_BRIEF_
An exact copy of the listing is required, with its pictures removed.

_SOURCE MATERIAL_

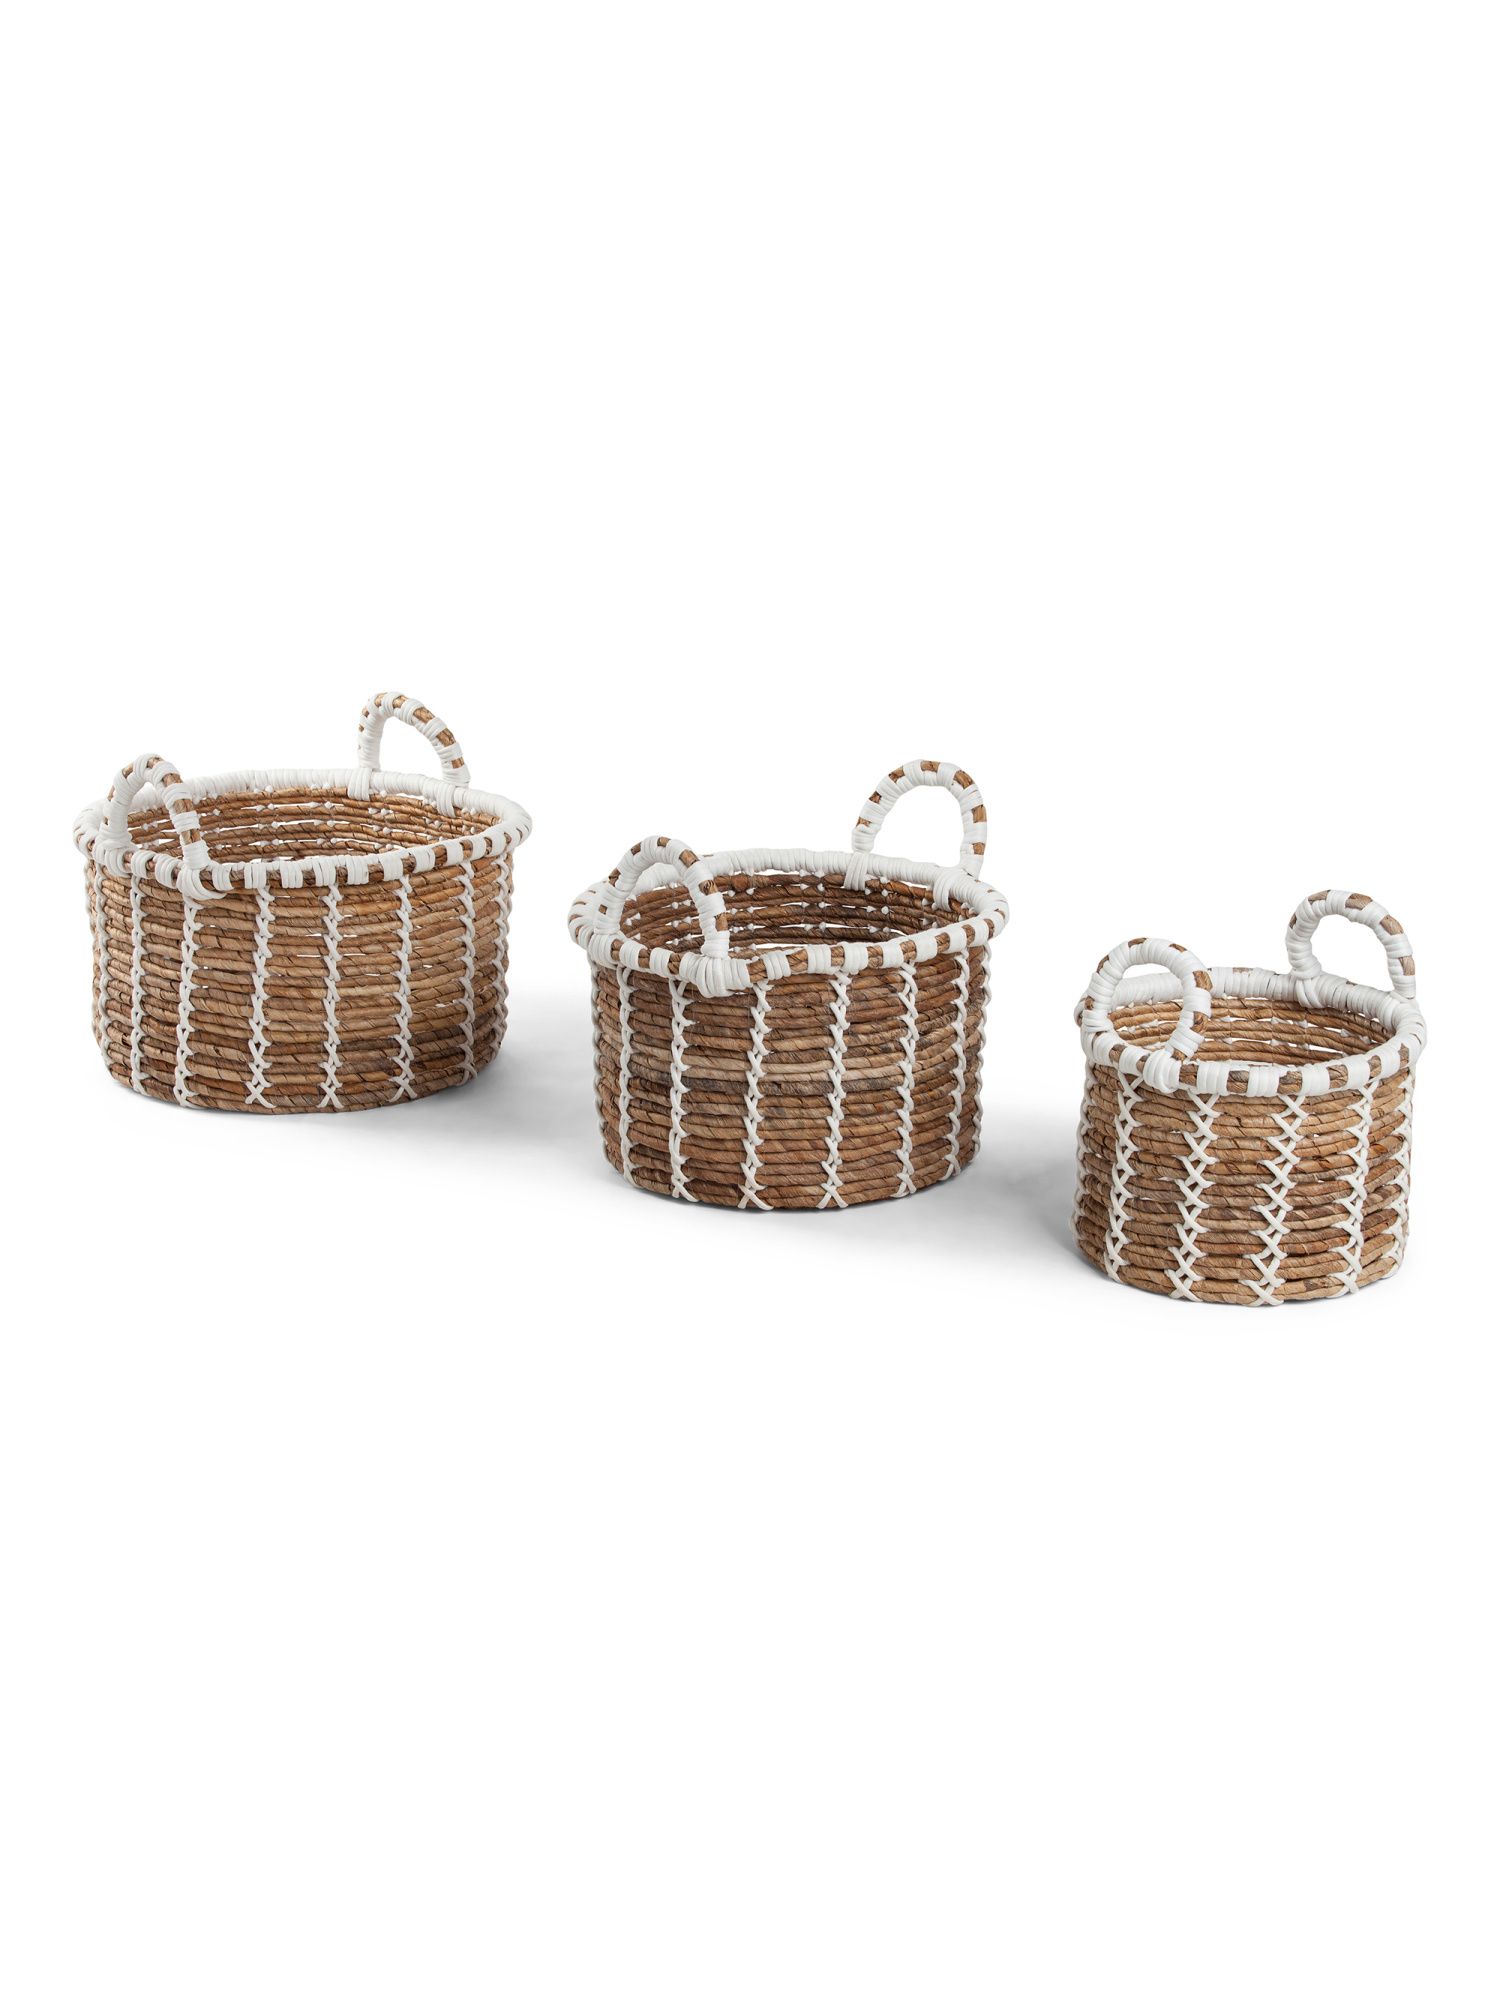 Banana Cotton Belly Basket Collection | Office & Storage | Marshalls | Marshalls
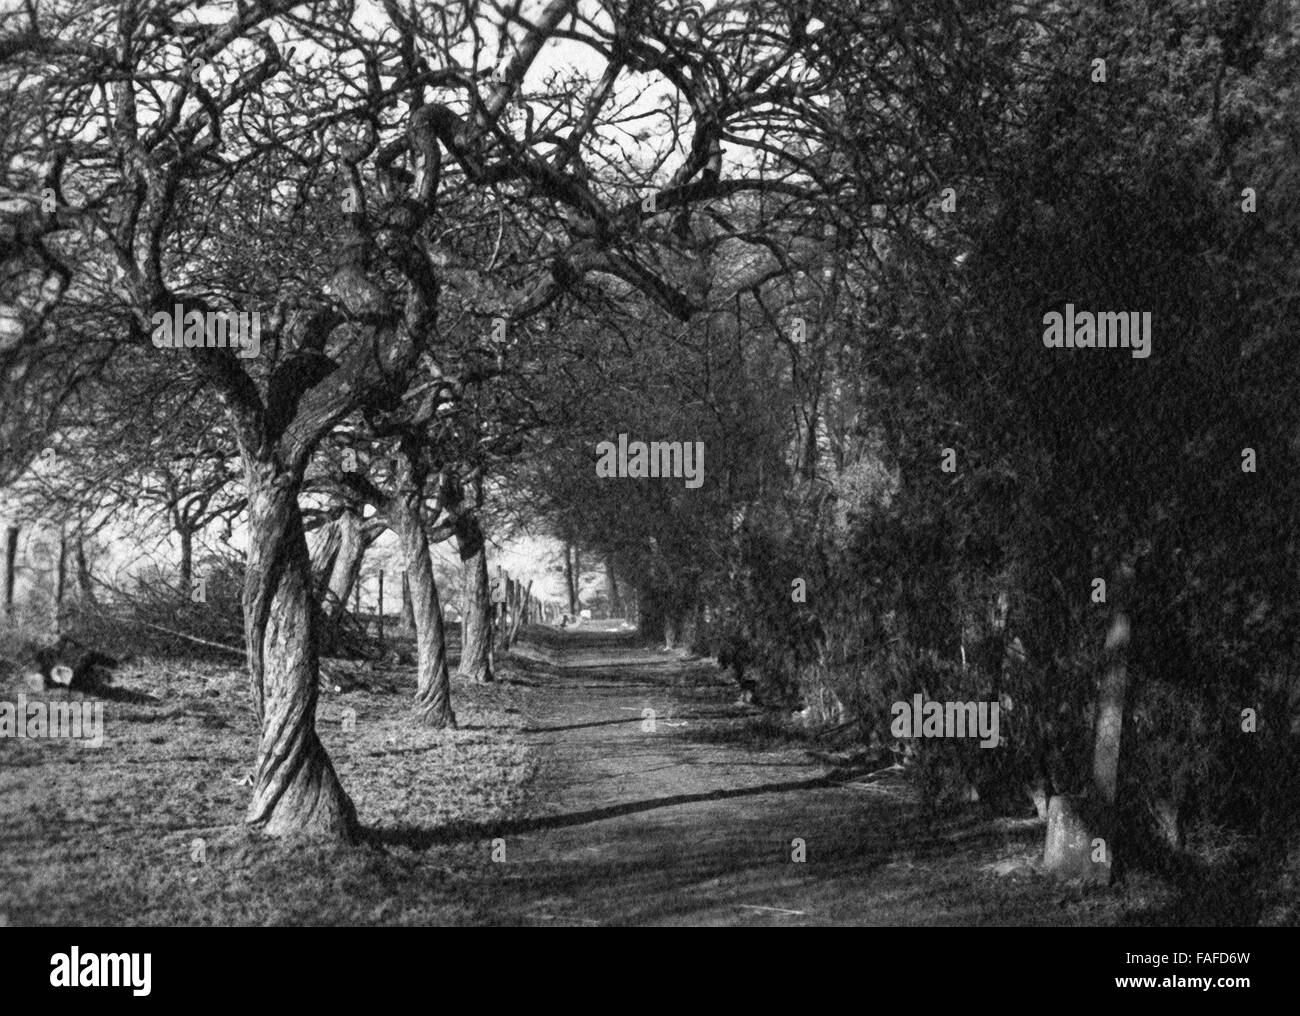 Bäume im Garten Haus bei Köln en Herl Holweide, Deutschland 1910er Jahre. Les arbres dans les jardins de l'hôtel Haus à Cologne Holweide Herl, Allemagne 1910. Banque D'Images
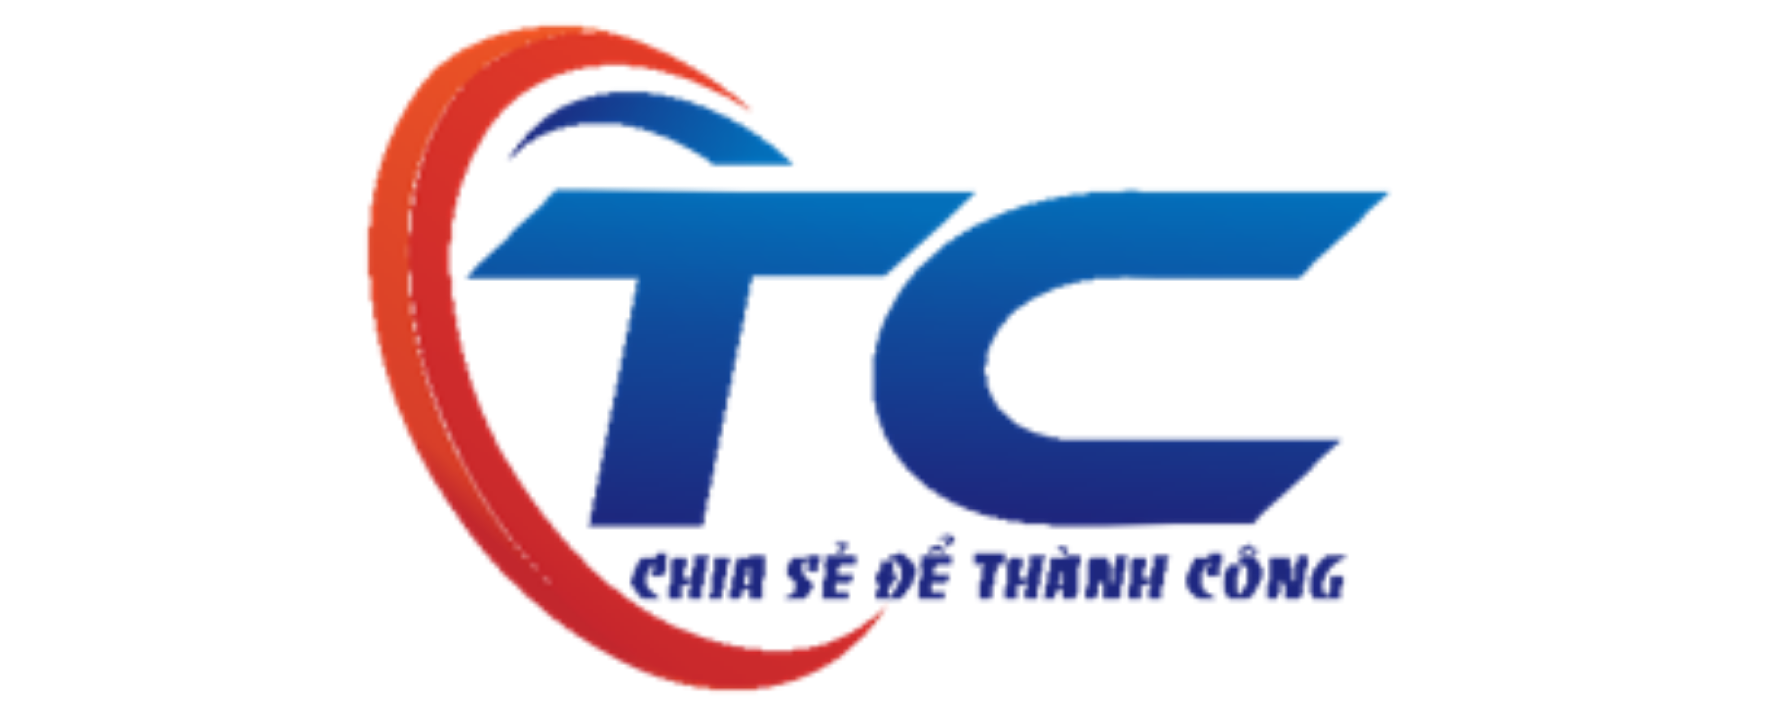 TC ENGINEERING., JSC logo

_TASK SOLUTION_
 Banana Cotton Belly Basket Collection | Office & Storage | Marshalls | Marshalls
 Bäume im Garten Haus bei Köln en Herl Holweide, Deutschland 1910er Jahre. Les arbres dans les jardins de l'hôtel Haus à Cologne Holweide Herl, Allemagne 1910. Banque D'Images
 TC ENGINEERING., JSC logo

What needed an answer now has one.